Re: [PATCH] [MEDIUM] Improve "no free ports" error case

2017-03-09 Thread Krishna Kumar (Engineering)
Hi Willy,

Excellent, I will try this idea, it should definitely help!
Thanks for the explanations.

Regards,
- Krishna


On Thu, Mar 9, 2017 at 1:37 PM, Willy Tarreau  wrote:

> On Thu, Mar 09, 2017 at 12:50:16PM +0530, Krishna Kumar (Engineering)
> wrote:
> > 1. About 'retries', I am not sure if it works for connect() failing
> > synchronously on the
> > local system (as opposed to getting a timeout/refused via callback).
>
> Yes it normally does. I've been using it for the same purpose in certain
> situations (eg: binding to a source port range while some daemons are
> later bound into that range).
>
> > The
> > document
> > on retries says:
> >
> > "  is the number of times a connection attempt should be
> retried
> > on
> >   a server when a connection either is refused or times out.
> The
> >   default value is 3.
> > "
> >
> > The two conditions above don't fall in our use case.
>
> It's still a refused connection :-)
>
> > The way I understood was that
> > retries happens during the callback handler. Also I am not sure if there
> is
> > any way to circumvent the "1 second" gap for a retry.
>
> Hmmm I have to check. In fact when the LB algorithm is not determinist
> we immediately retry on another server. If we're supposed to end up only
> on the same server we indeed apply the delay. But if it's a synchronous
> error, I don't know. And I think it's one case (especially -EADDRNOTAVAIL)
> where we should immediately retry.
>
> > 2. For nolinger, it was not recommended in the document,
>
> It's indeed strongly recommended against, mainly because we've started
> to see it in configs copy-pasted from blogs without understanding the
> impacts.
>
> > and also I wonder if any data
> > loss can happen if the socket is not lingered for some time beyond the
> FIN
> > packet that
> > the remote server sent for doing the close(), delayed data packets, etc.
>
> The data loss happens only with outgoing data, so for HTTP it's data
> sent to the client which are at risk. Data coming from the server are
> properly consumed. In fact, when you configure "http-server-close",
> the nolinger is automatically enabled in your back so that haproxy
> can close the server connection without accumulating time-waits.
>
> > 3. Ports: Actually each HAProxy process has 400 ports limitation to a
> > single backend,
> > and there are many haproxy processes on this and other servers.
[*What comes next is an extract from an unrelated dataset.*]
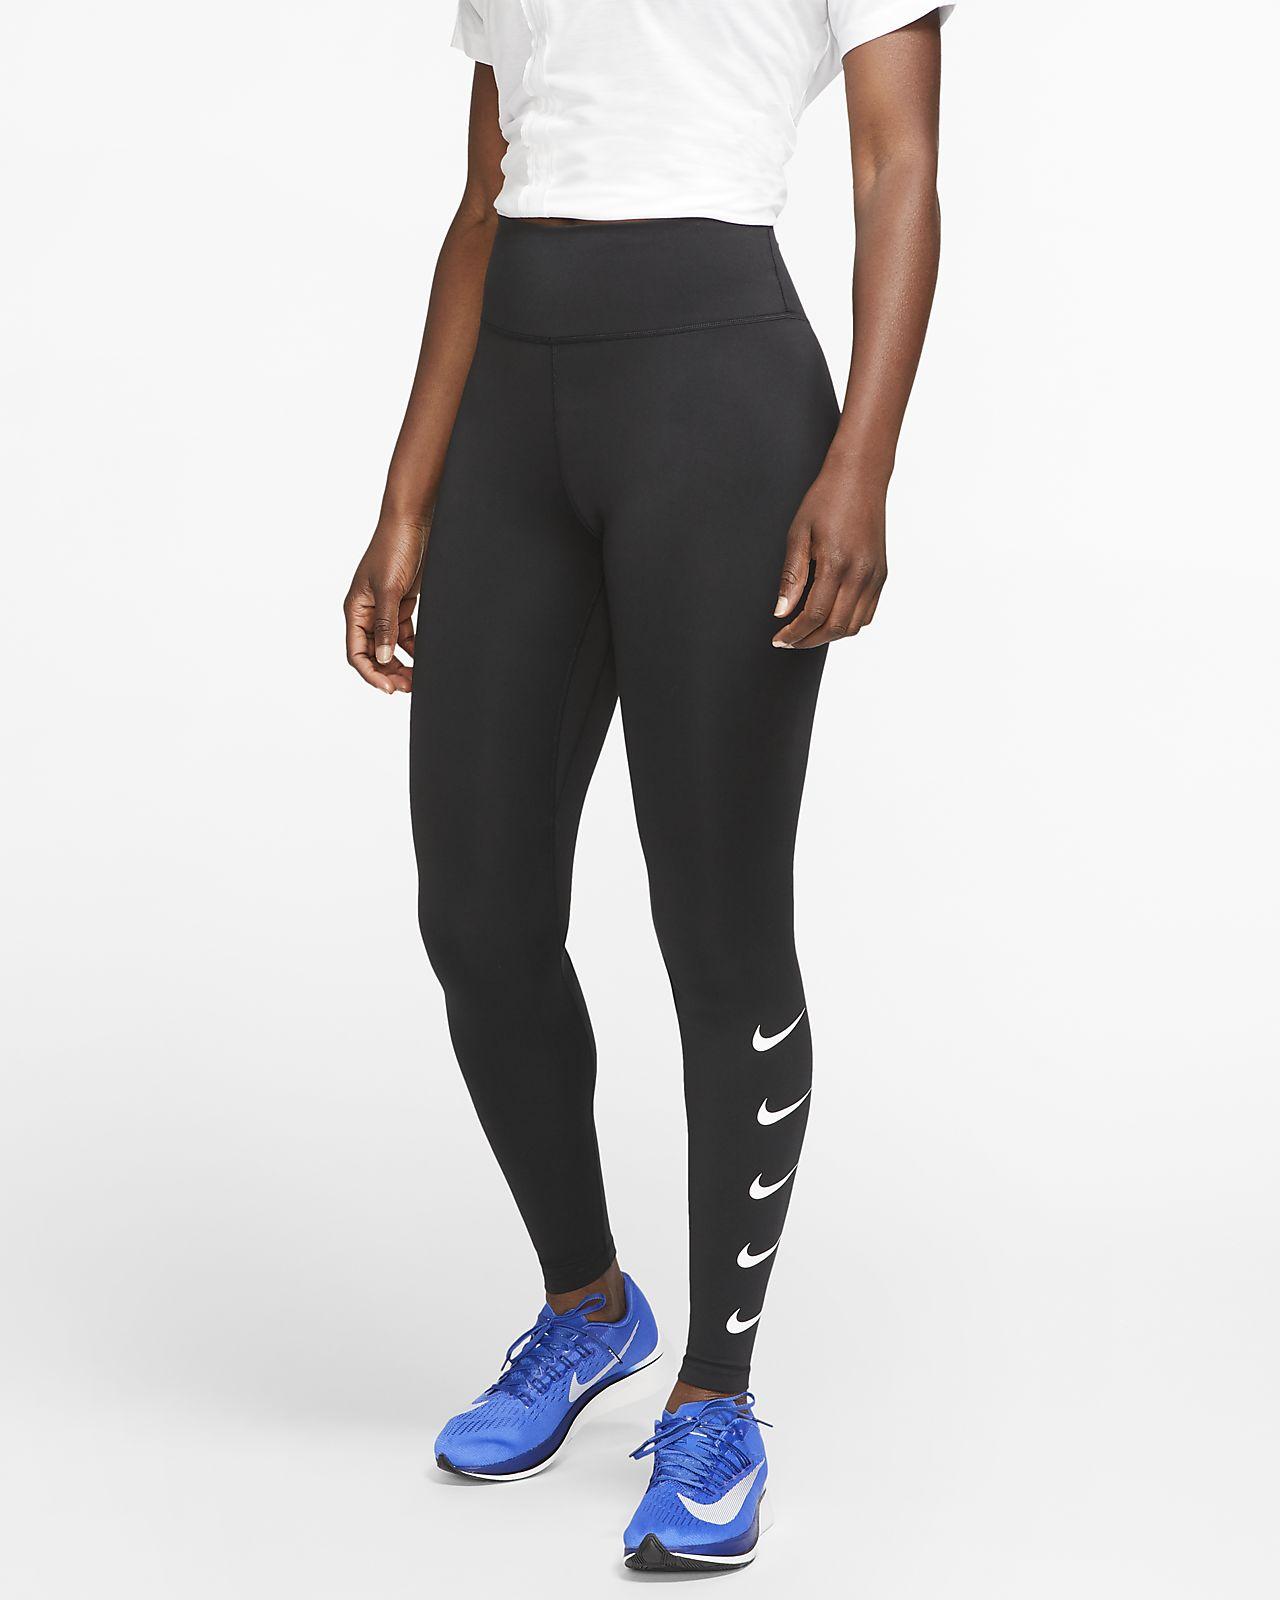 Damskie legginsy do biegania Nike Swoosh

The ports
> > are split per
> > process and per system. E.g. system1 has 'n' processes and each have a
> > separate port
> > range from each other, system2 has 'n' processes and a completely
> different
> > port range.
> > For infra reasons, we are restricting the total port range. The unique
> > ports for different
> > haproxy processes running on same system is to avoid attempting to use
> the
> > same port
> > (first port# in the range) by two processes and failing in connect, when
> > attempting to
> > connect to the same remote server. Hope I explained that clearly.
>
> Yep I clearly see the use case. That's one of the rare cases where it's
> interesting to use SNAT between your haproxy nodes and the internet. This
> way you'll use a unified ports pool for all your nodes and will not have
> to reserve port ranges per system and per process. Each process will then
> share the system's local source ports, and each system will have a
> different
> address. Then the SNAT will convert these IP1..N:port1..N to the public IP
> address and an available port. This will offer you more flexibility to add
> or remove nodes/processes etc. Maybe your total traffic cannot pass through
> a single SNAT box though in which case I understand that you don't have
> much choice. However you could then at least not force each process' port
> range and instead fix the system's local port range so that you know that
> all processes of a single machine share a same port range. That's already
> better because you won't be forcing to assign ports from unfinished
> connections.
>
> Willy
>


Re: [PATCH] [MEDIUM] Improve "no free ports" error case

2017-03-09 Thread Willy Tarreau
On Thu, Mar 09, 2017 at 12:50:16PM +0530, Krishna Kumar (Engineering) wrote:
> 1. About 'retries', I am not sure if it works for connect() failing
> synchronously on the
> local system (as opposed to getting a timeout/refused via callback).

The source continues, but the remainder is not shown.